I would have said that humans are little more than talking primates, and so
our societies (West and East) are organized according to how primates organize
themselves - e.g. hierarchies. We're more sophisticated than chimpanzees, but
not by much. Once you understand this idea, then all the stupidity humans get
up to is understandable.

------
apocalypstyx
Having been raised in fundamentalist Christianity, Peterson always sets off
preliminary warning bells for me:

The enemy is all around you.

Access to secret "true" knowledge.

The world is corrupt.

A plan that if you follow correctly will lead to good things.

An enemy that alternates between specific and generalistic states.

Everything has to be framed through a set of ideological points at all times,
which are reiterated in the otherwise minorist points of life.

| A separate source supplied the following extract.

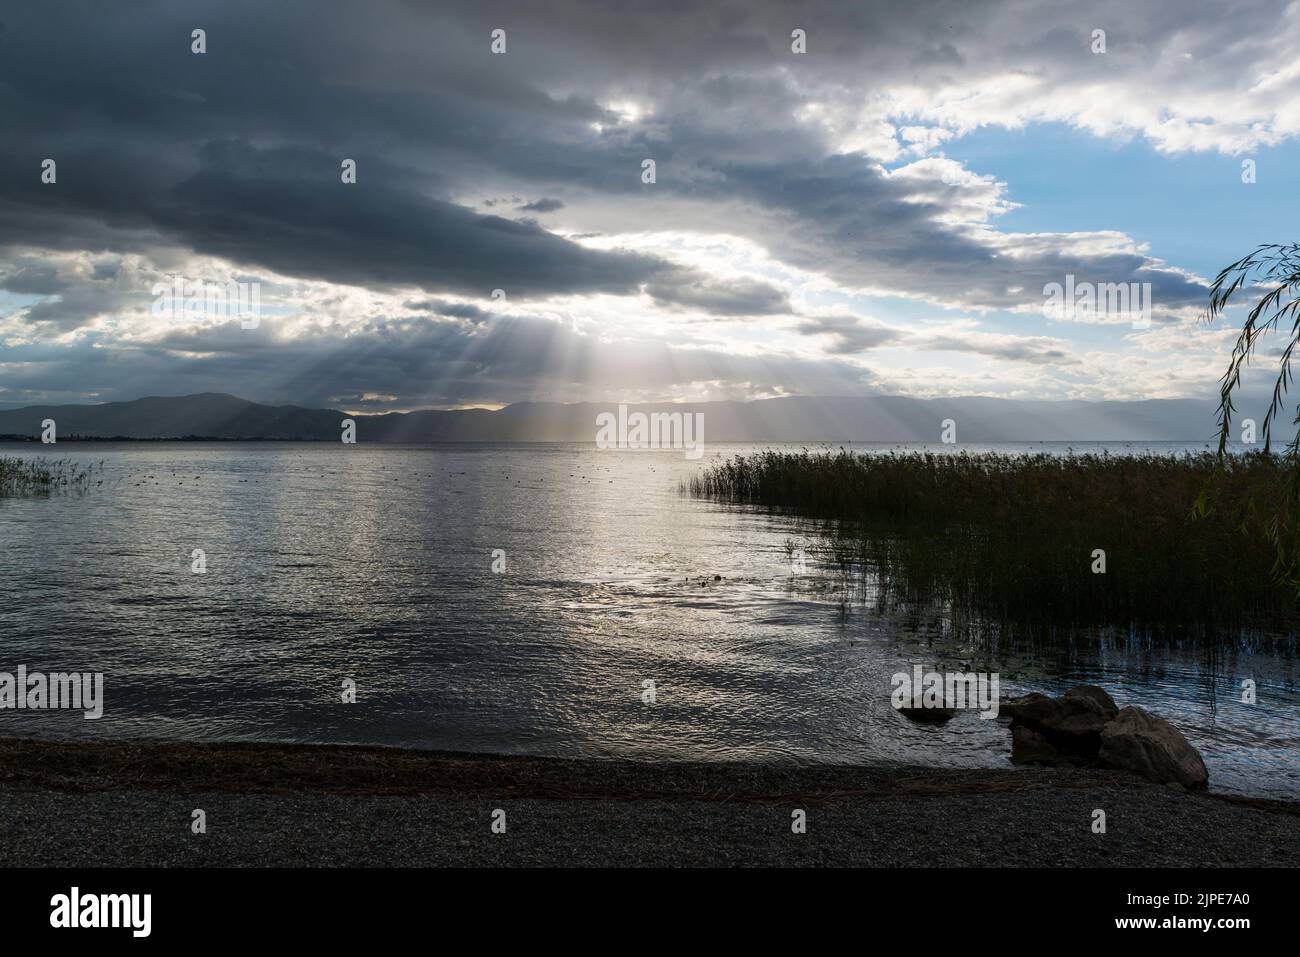 Soleil derrière les nuages au-dessus de la rive couverte de roseaux du lac Ohrid, Macédoine du Nord, Europe Banque D'Images

That is not to say that he definitively is something of that kith or kin to
that, necessarily. Just that I see several public figures these days that come
out of one branch of science, platforming their knowledge of one field to the
world of knowledge at large, and espousing thinking --- right down to
phraseology, at times --- I have heard too often from sources these same
individuals would claim to violently disagree with. Taking on Peterson's own
postulations related to the co-evolution of the biological and memetic aspects
of humanity (which in general I would agree with): I think the push to a what
would otherwise be called a 'religious sensibility' can be --- and often is
--- clothed in scientific language.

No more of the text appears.